Nozzle atomization technology covers almost all industrial fields, such as transportation, agricultural production, and people's daily life. In addition to the combustion of various fuels (gas, liquid and solid fuel), nozzle atomization technology in non-combustion industries such as catalysis Granulation, food processing, powder coating, and pesticide spraying are also widely used. The nozzle atomizing technology for liquid fuel is briefly introduced.
The so-called atomization of liquid refers to the physical process of liquid becoming a liquid mist or other small droplets in a gaseous environment under the action of external energy. For its atomization mechanism, there have been many explanations, such as pressure oscillation theory, aerodynamic interference theory, air disturbance theory, turbulence disturbance theory, and sudden change of boundary conditions, which are briefly introduced as follows:
The pressure oscillation is said to observe that the pressure oscillation of the liquid supply system has a certain influence on the atomization process. Thus, pressure oscillations are prevalent in general injection systems and are therefore considered to play an important role in atomization.

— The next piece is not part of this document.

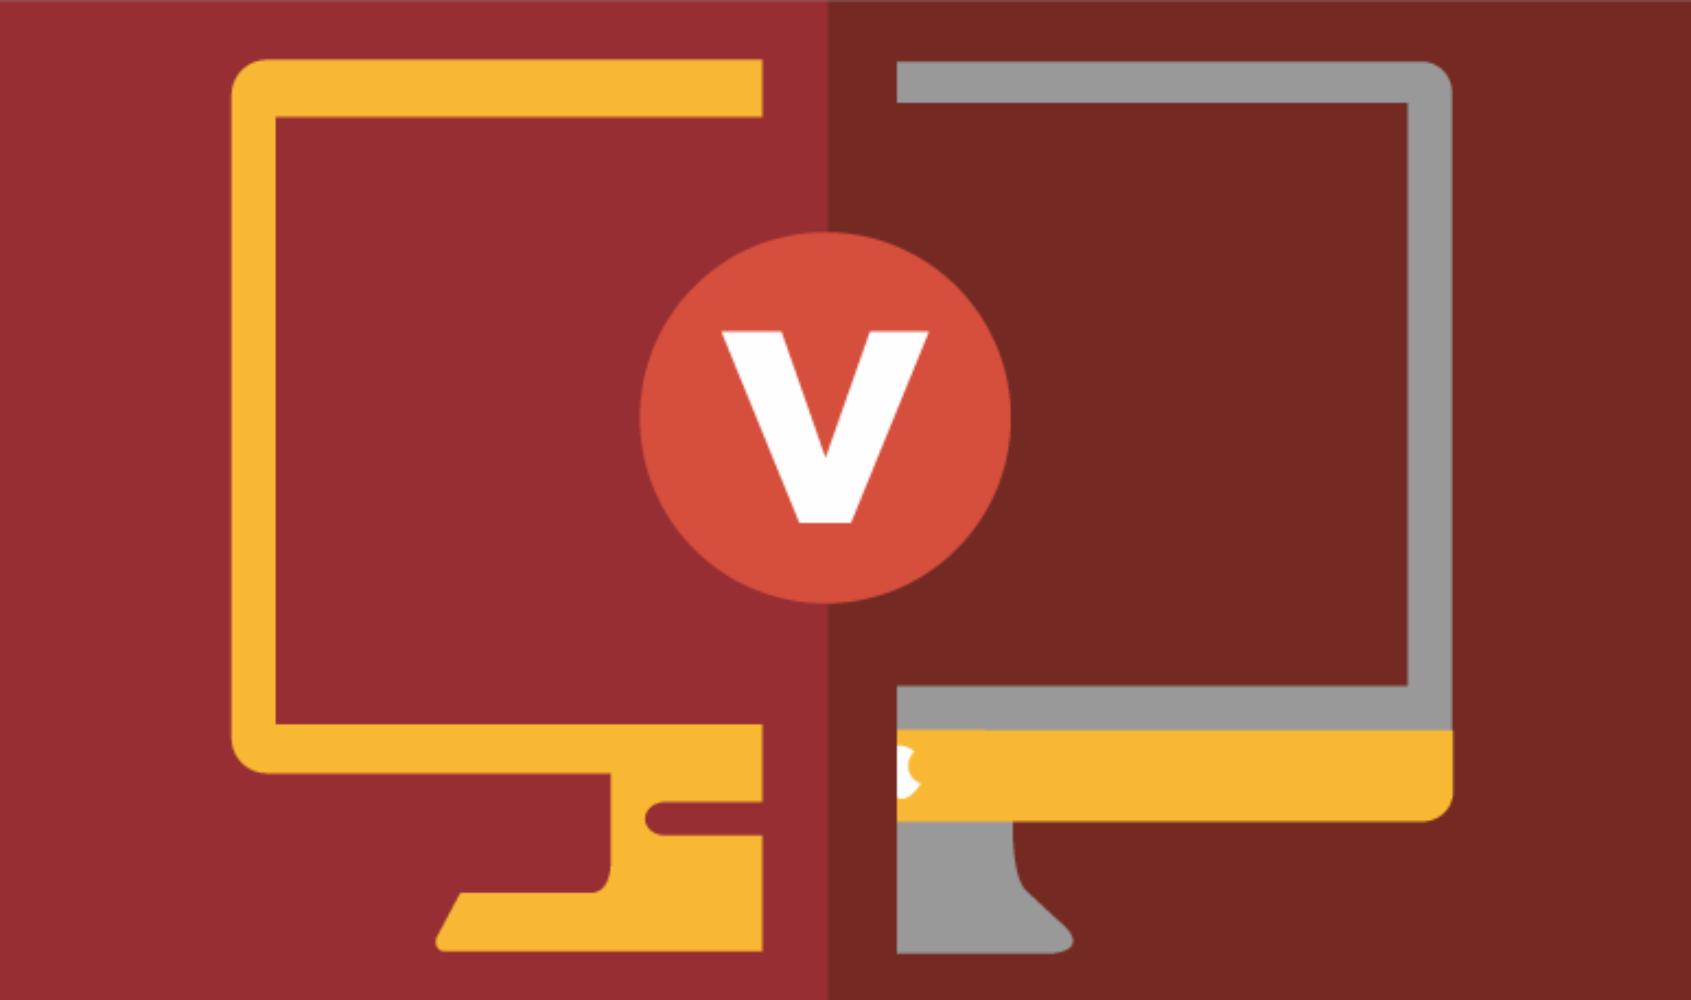 iOS vs windows 10 article thumbnail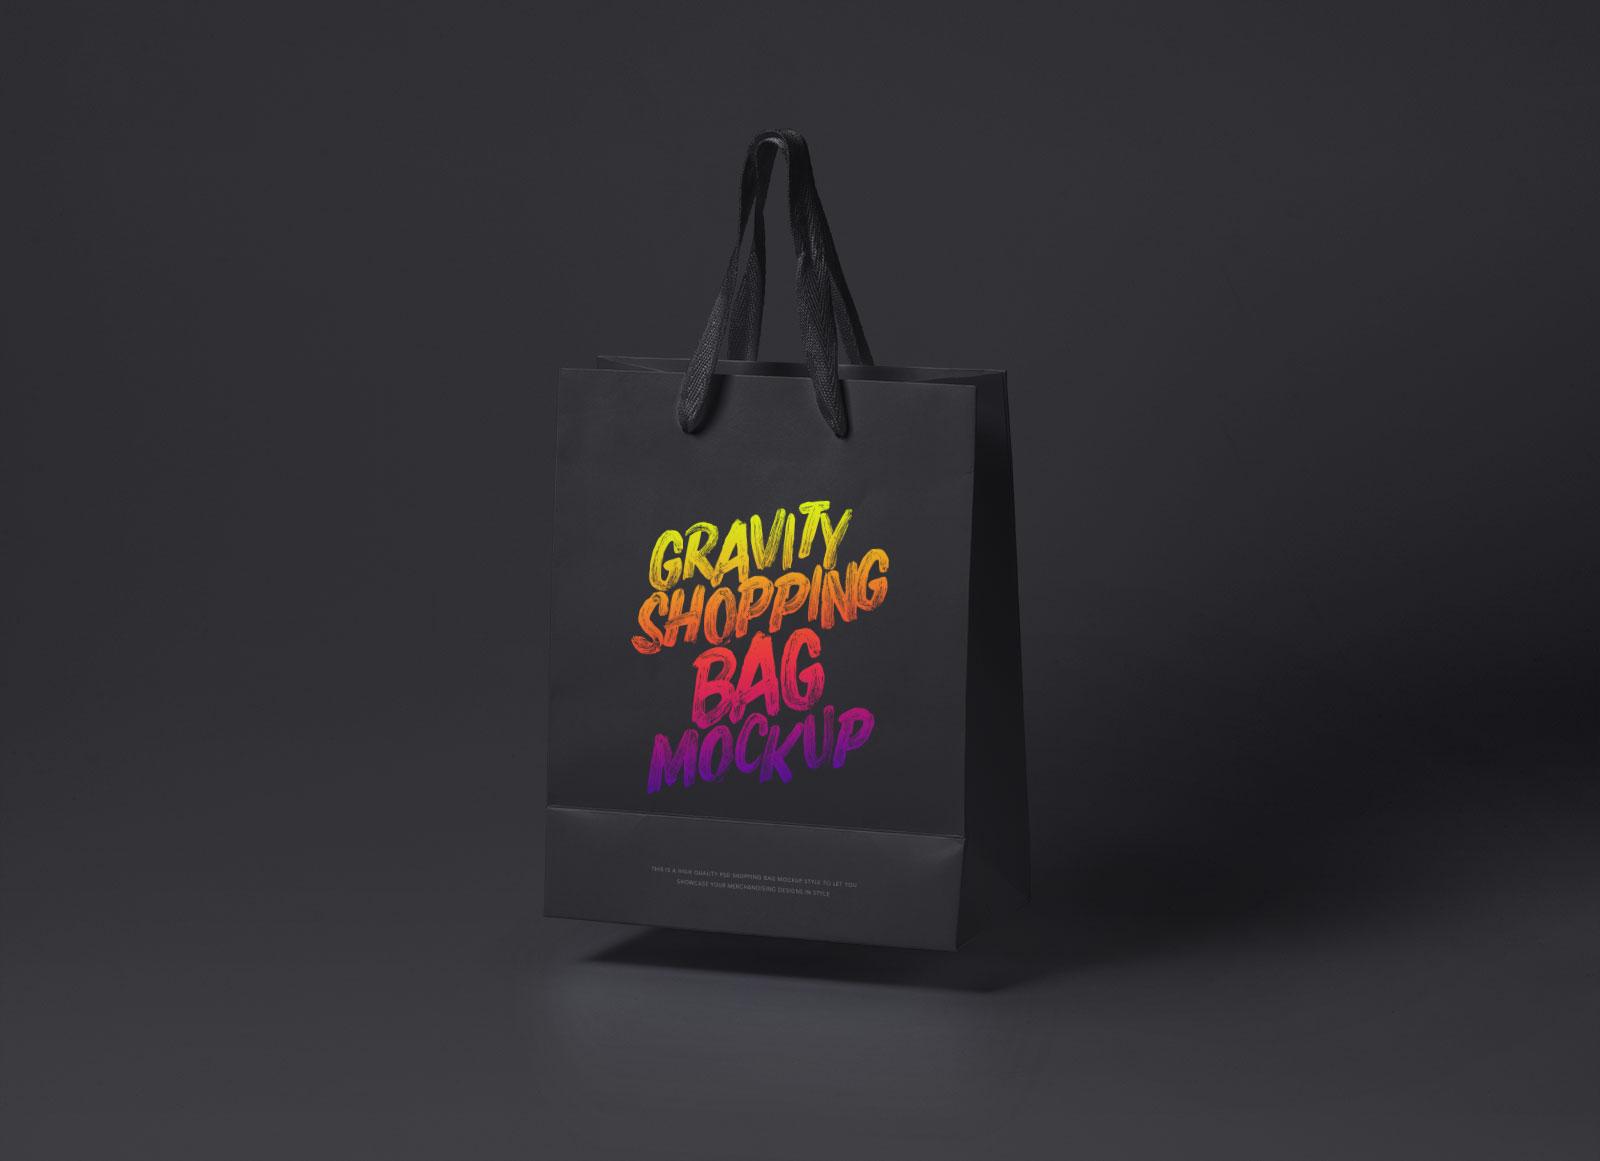 Free-Black-&-White-Floating-Shopping-Bag-Mockup-PSD-3

Castleman first proposed aerodynamic interference, he believes that due to the aerodynamic interference between the jet and the surrounding gas, the surface of the jet is unstable. As the speed increases, the surface length of the unstable wave is shorter and shorter, up to the order of micrometers, and the jet is dispersed into a mist.
The air disturbance said that it has the opposite attitude to the turbulence disturbance, and believes that the large amplitude pressure disturbance generated by the cavitation phenomenon in the fuel injection system is the cause of atomization.